14 When thou art come unto the land which the LORD thy God giveth thee, and shalt possess it, and shalt dwell therein, and shalt say, I will set a king over me, like as all the nations that are about me;

15 Thou shalt in any wise set him king over thee, whom the LORD thy God shall choose: one from among thy brethren shalt thou set king over thee: thou mayest not set a stranger over thee, which is not thy brother.

God at the very beginning had his choice of a king from the tribe of Judah. For he had prophesied of the Kingship of Judah:

Genesis 49:10

10 The sceptre shall not depart from Judah, nor a lawgiver from between his feet, until Shiloh come; and unto him shall the gathering of the people be.
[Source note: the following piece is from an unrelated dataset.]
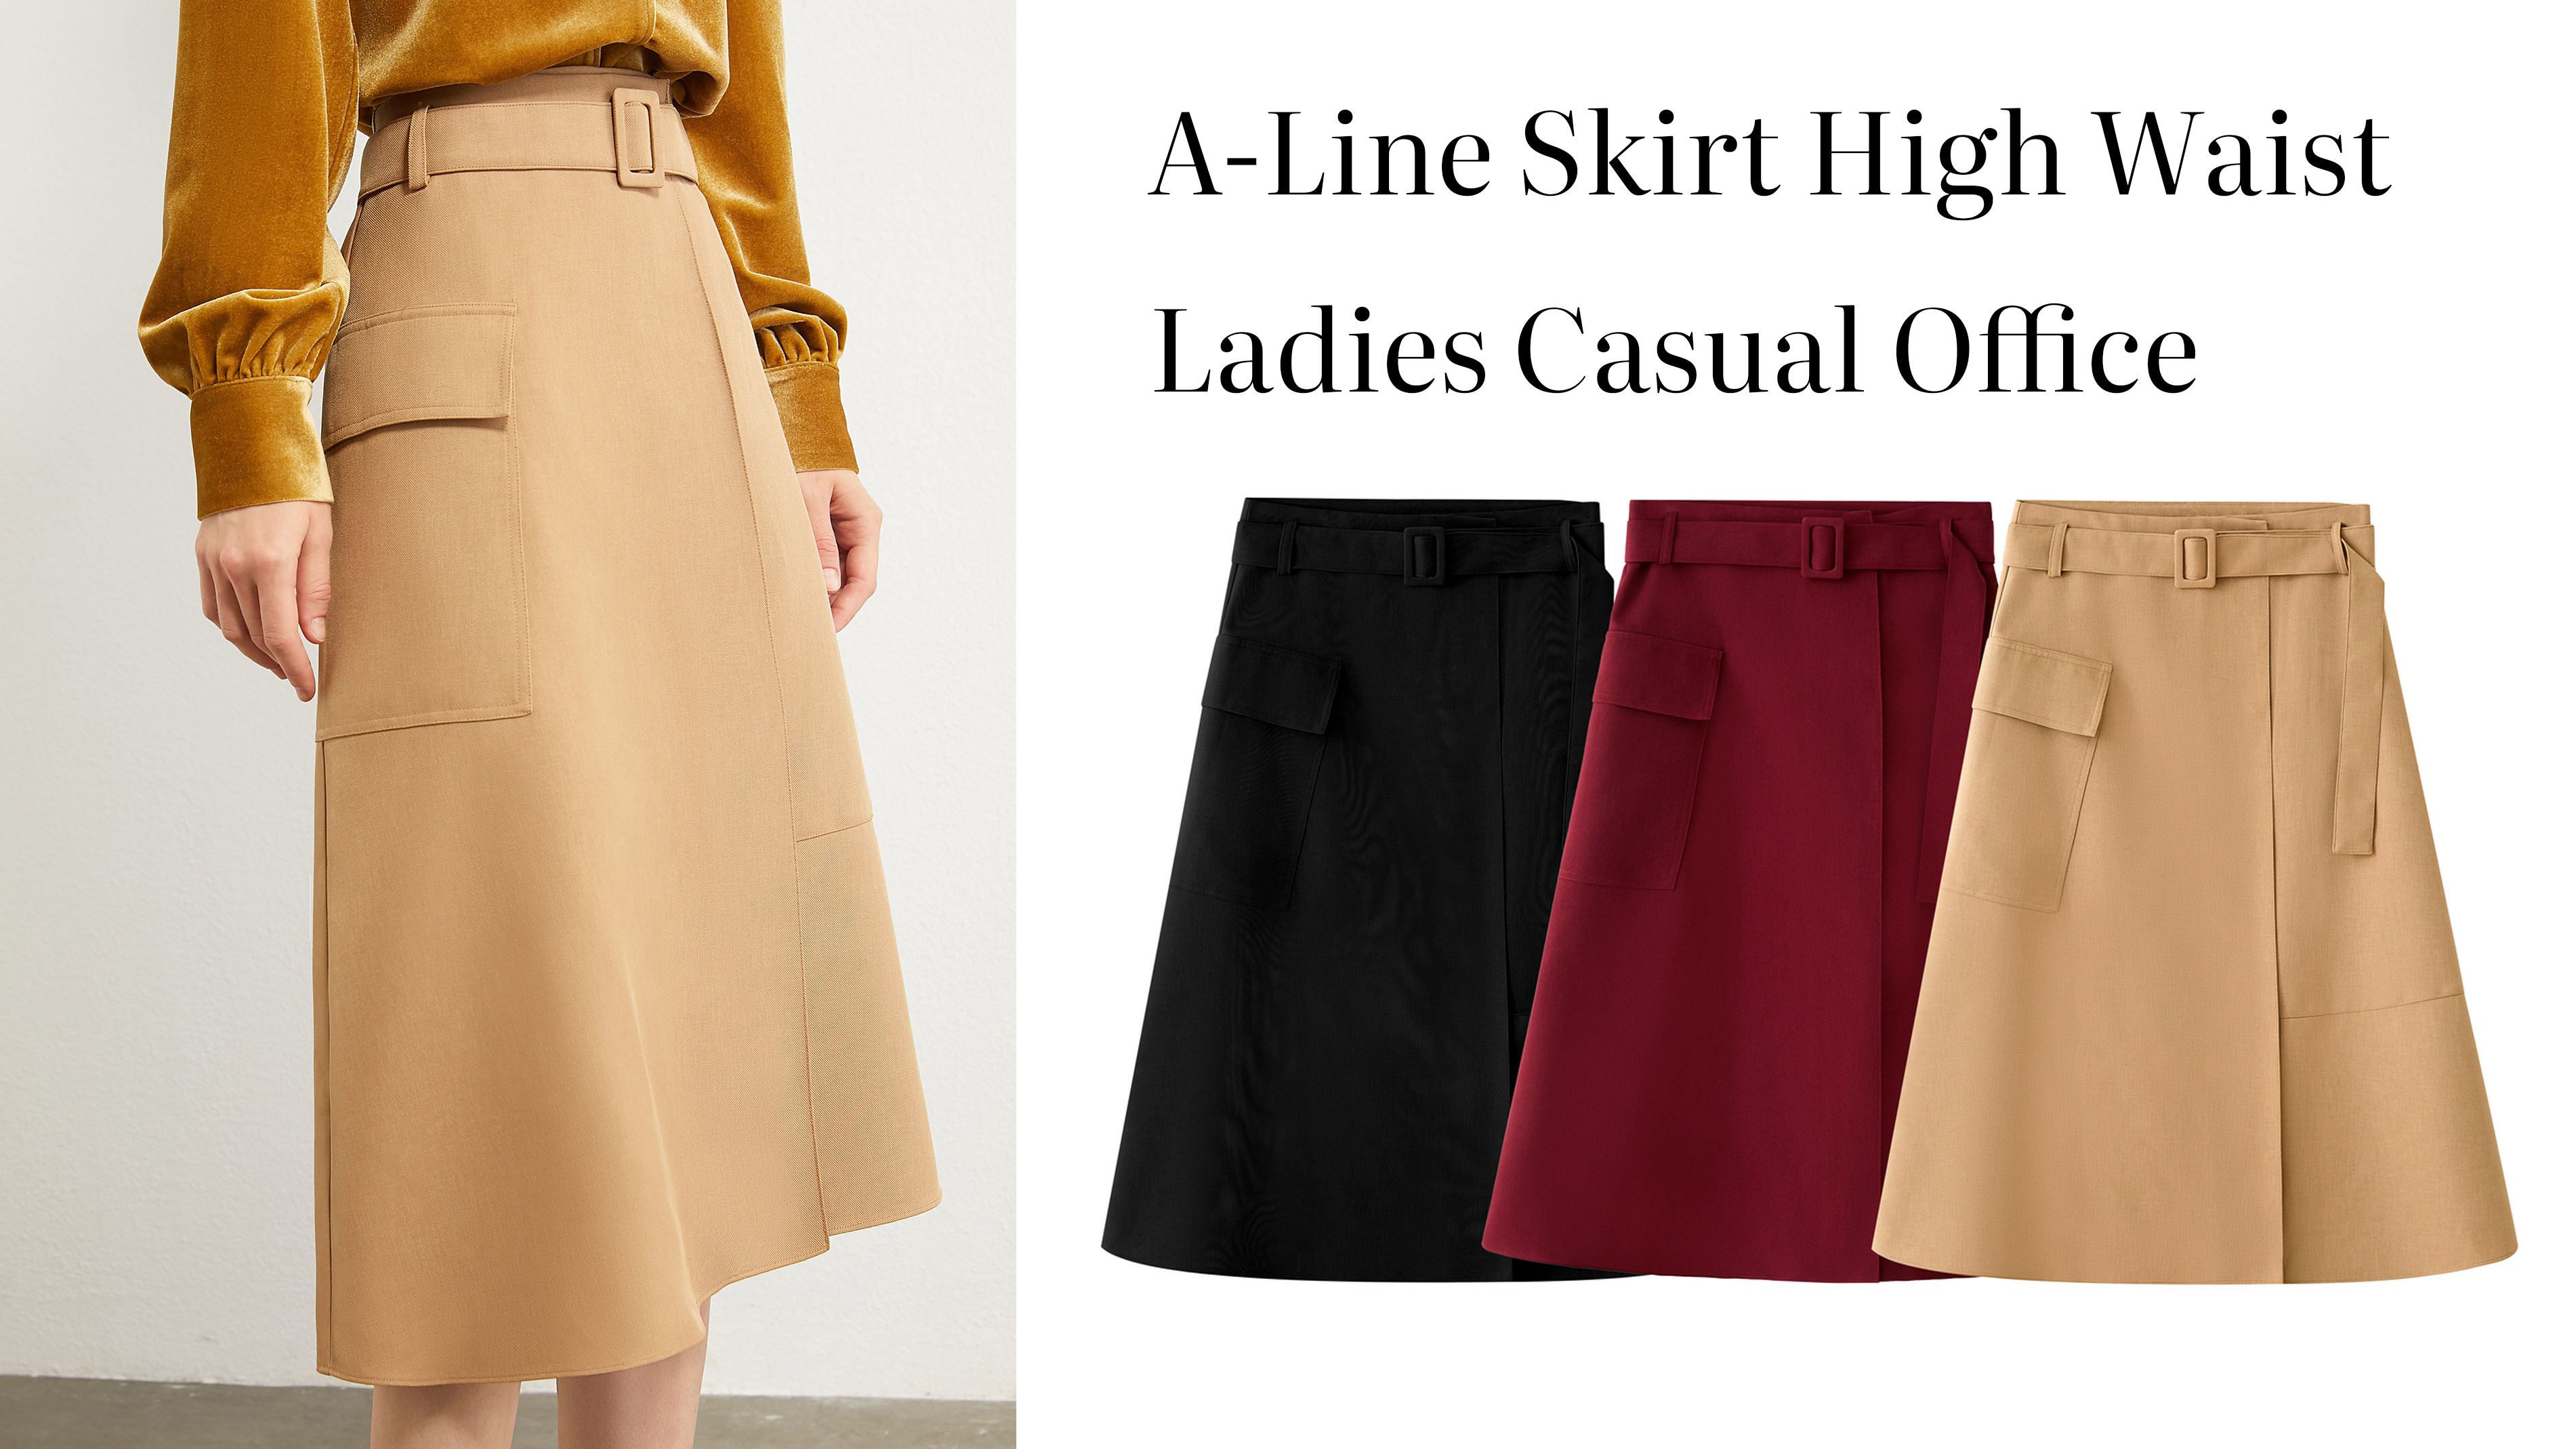 Quality A-Line Skirt High Waist Ladies Casual Office Manufacturer |Auschalink

His chosen king from the beginning was Shiloh, but until He came Judah occupied his seat. Saul had to fail for the predestined purpose of God to take effect:

1 Samuel 16:1

1 And the LORD said unto Samuel, How long wilt thou mourn for Saul, seeing I have rejected him from reigning over Israel? fill thine horn with oil, and go, I will send thee to Jesse the Bethlehemite: for I have provided me a king among his sons.

Out of the lineage of Jesse, His king was going to come, the messiah, to whom dominion and honour belongs.

There is the permissive will of God and his perfect will. God does not repent doing his perfect will, but his permissive will makes a way for his perfect will. Saul had to fail in order for the perfect plan of God to be made manifest through the lineage of David. God repented making Saul a king because he was not his choice from the beginning, he was man's choice of a king.

  • A great answer Sammy +1
    – user20490
    Dec 18, 2017 at 13:35
  • So, can we conclude that Saul was the proverbial fall guy?